■ INFORMATION PROVIDED:
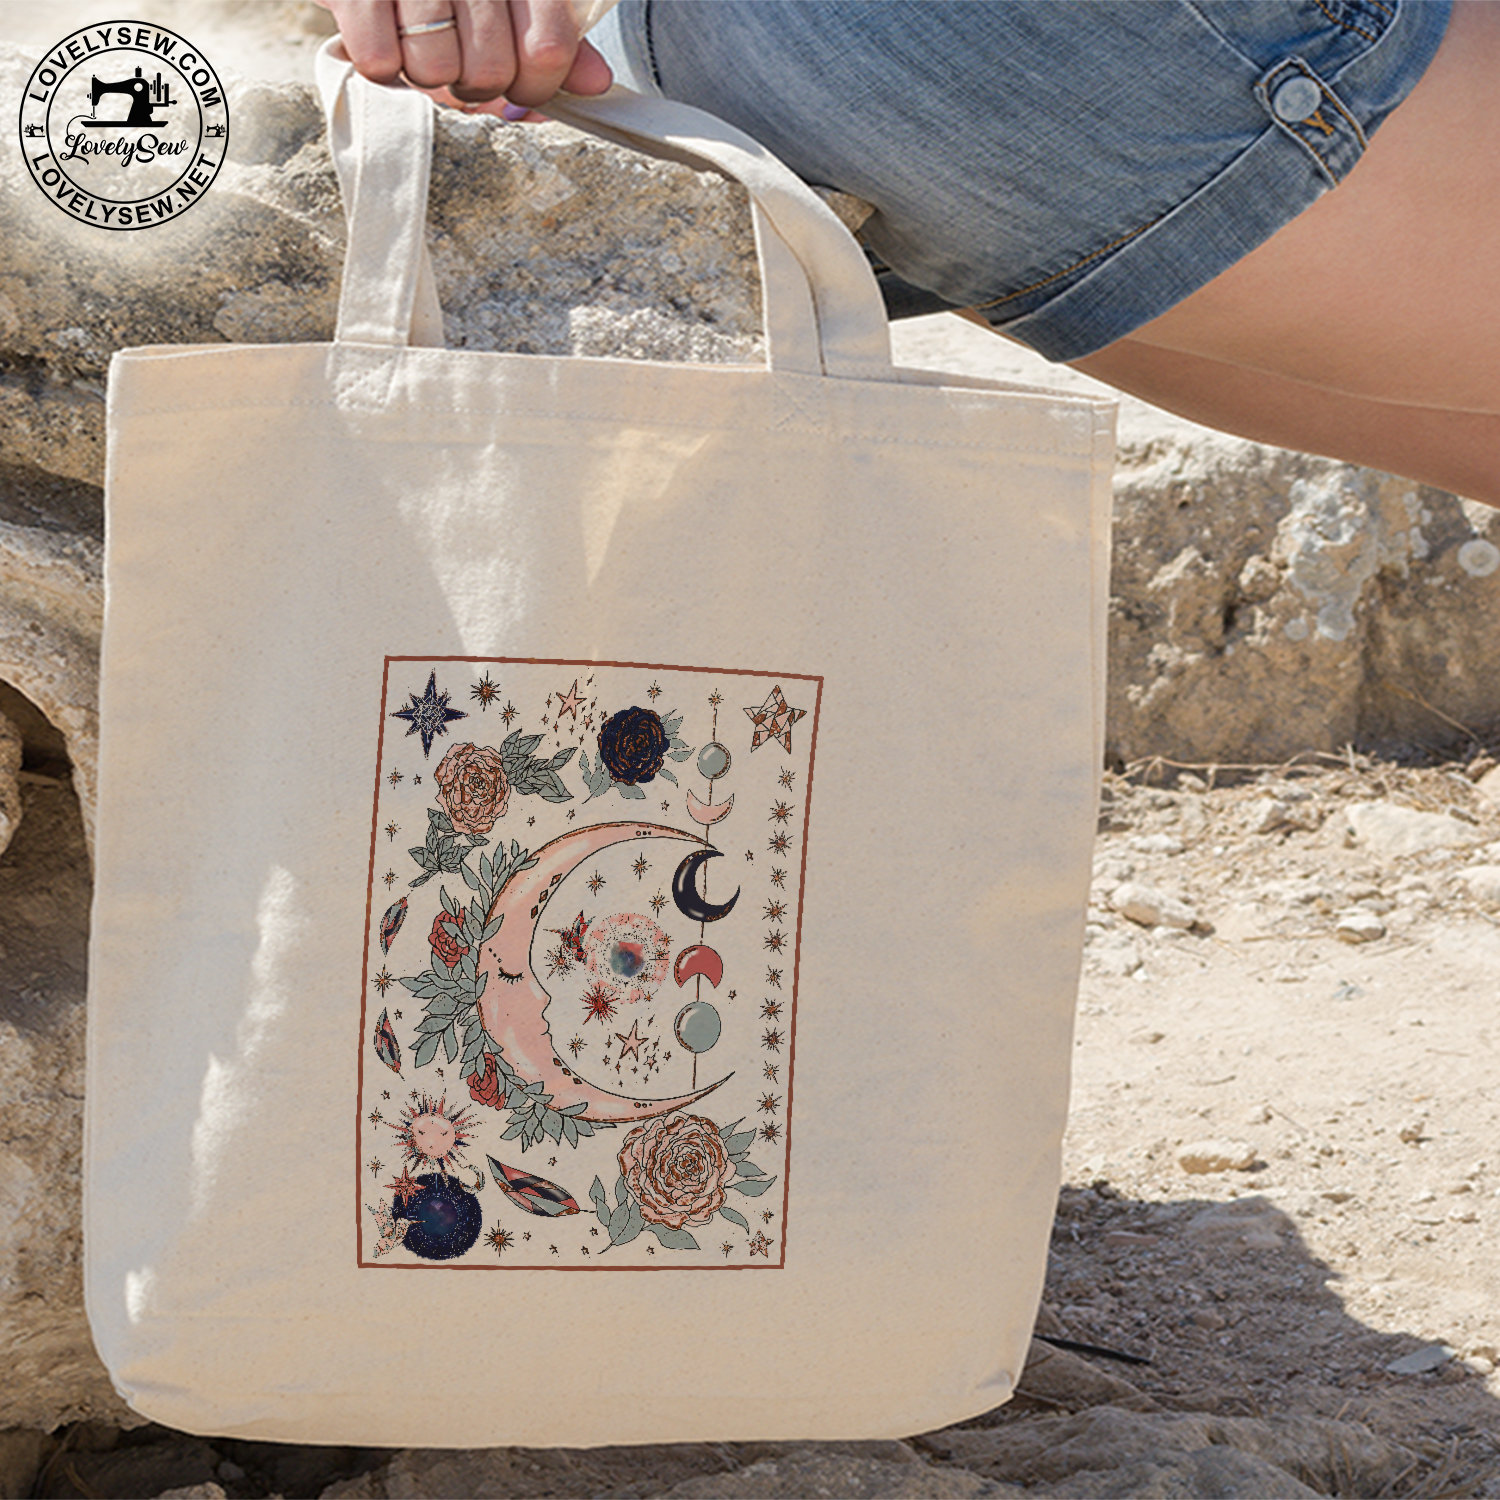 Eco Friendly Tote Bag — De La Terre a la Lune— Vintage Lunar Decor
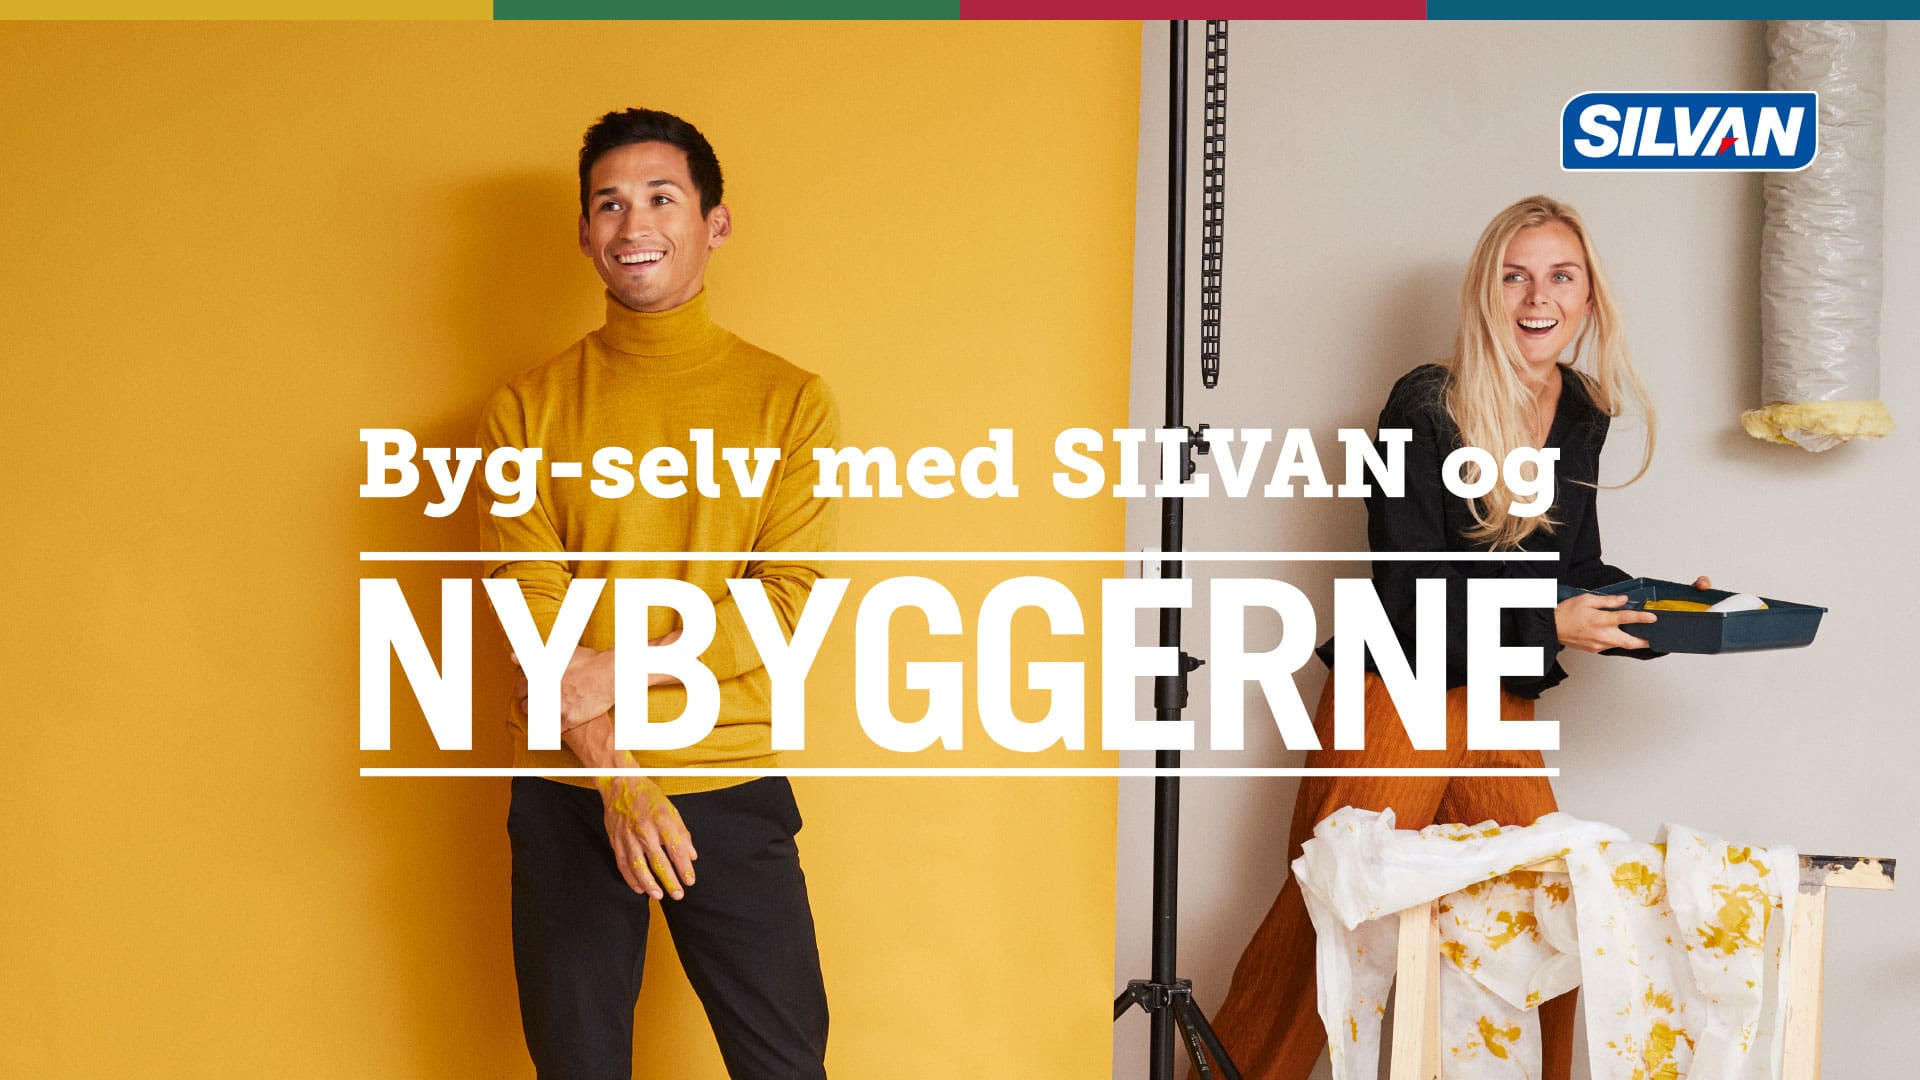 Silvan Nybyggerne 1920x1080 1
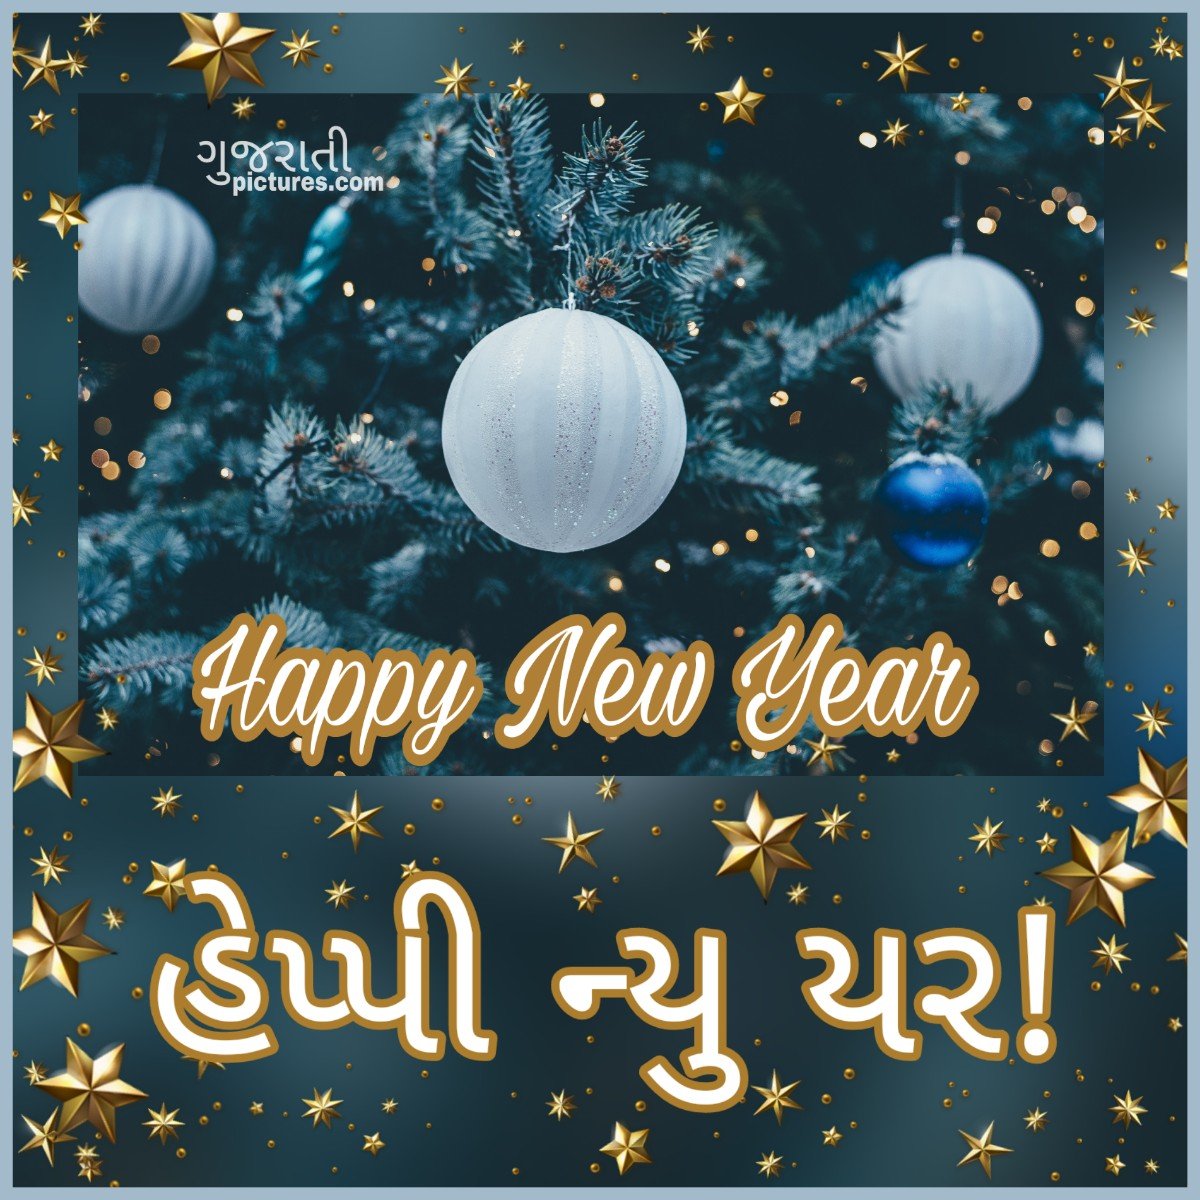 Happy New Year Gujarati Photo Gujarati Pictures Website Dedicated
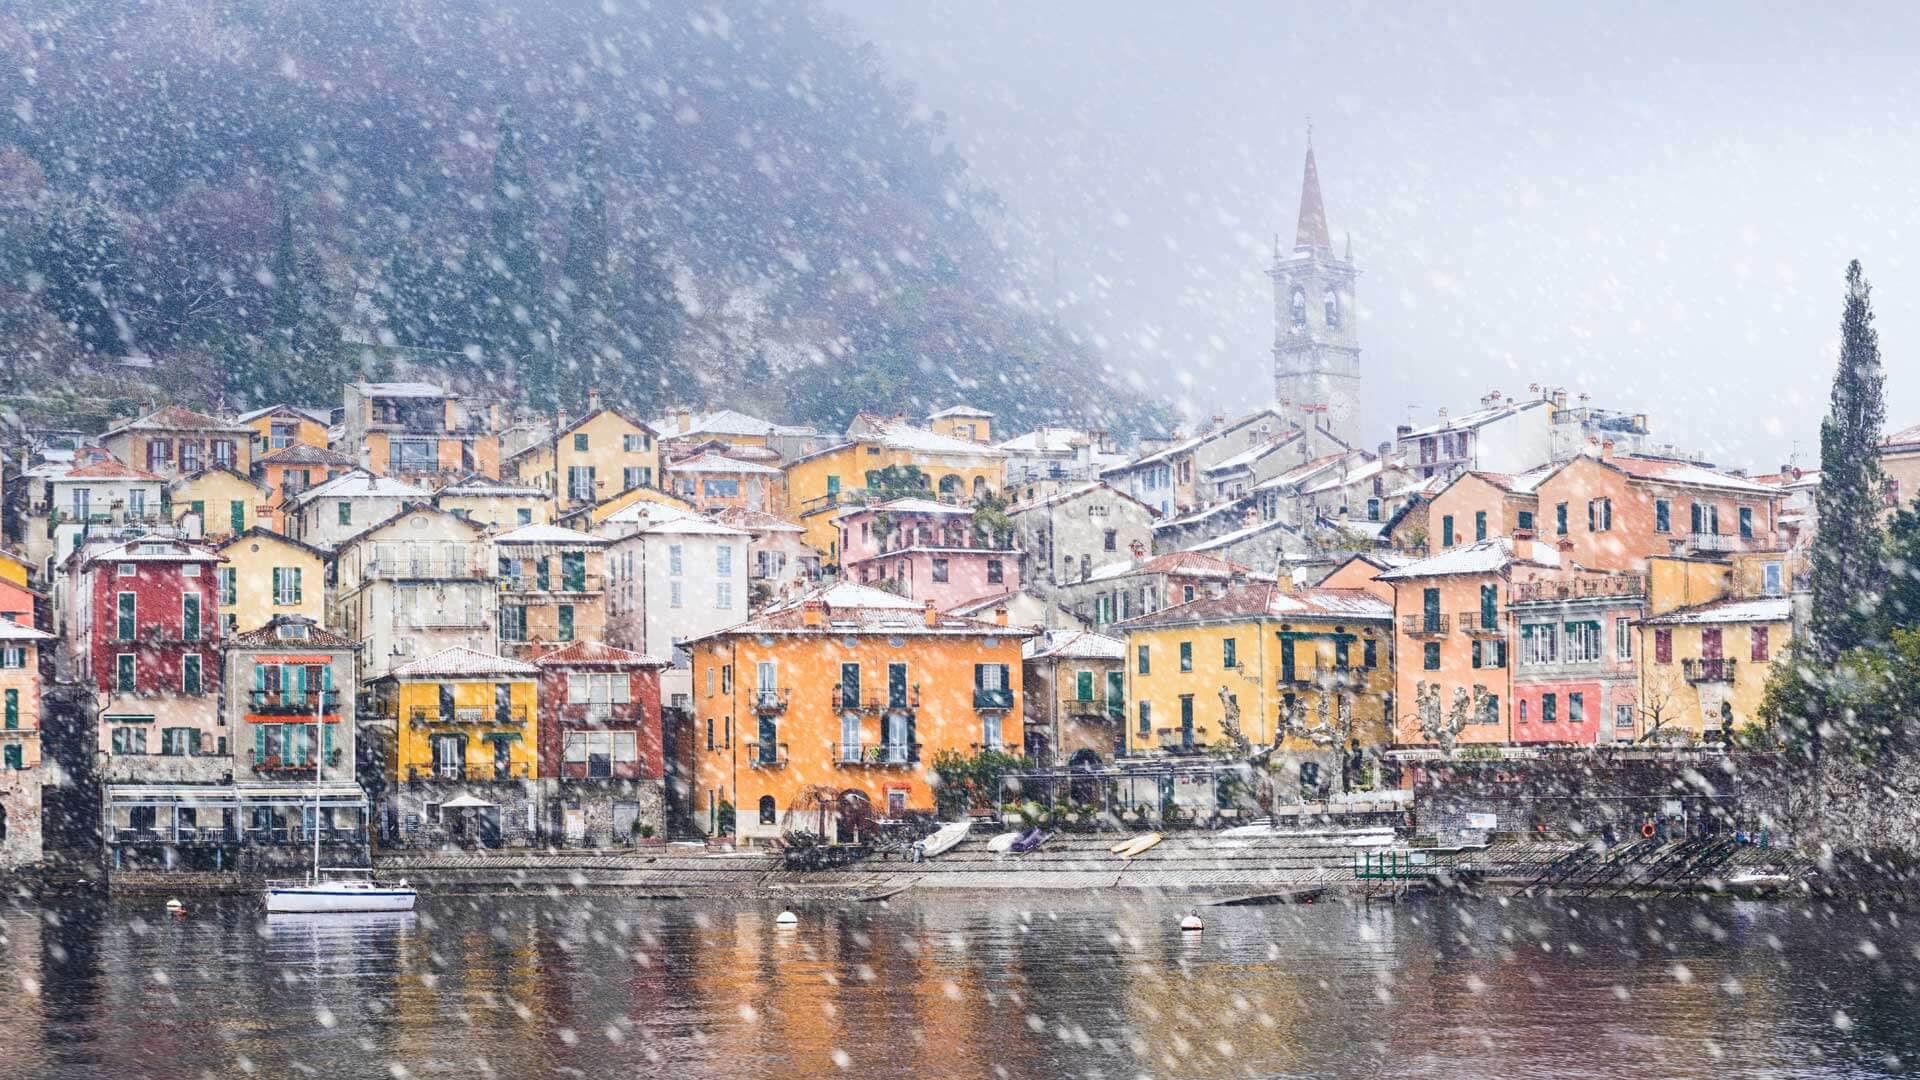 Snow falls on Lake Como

■ WHAT THE TASK REQUIRES:
Could the data above be copied out exactly, with no pictures kept?

■ TASK OUTPUT:
 Eco Friendly Tote Bag — De La Terre a la Lune— Vintage Lunar Decor
 Silvan Nybyggerne 1920x1080 1
 Happy New Year Gujarati Photo Gujarati Pictures Website Dedicated
 Snow falls on Lake Como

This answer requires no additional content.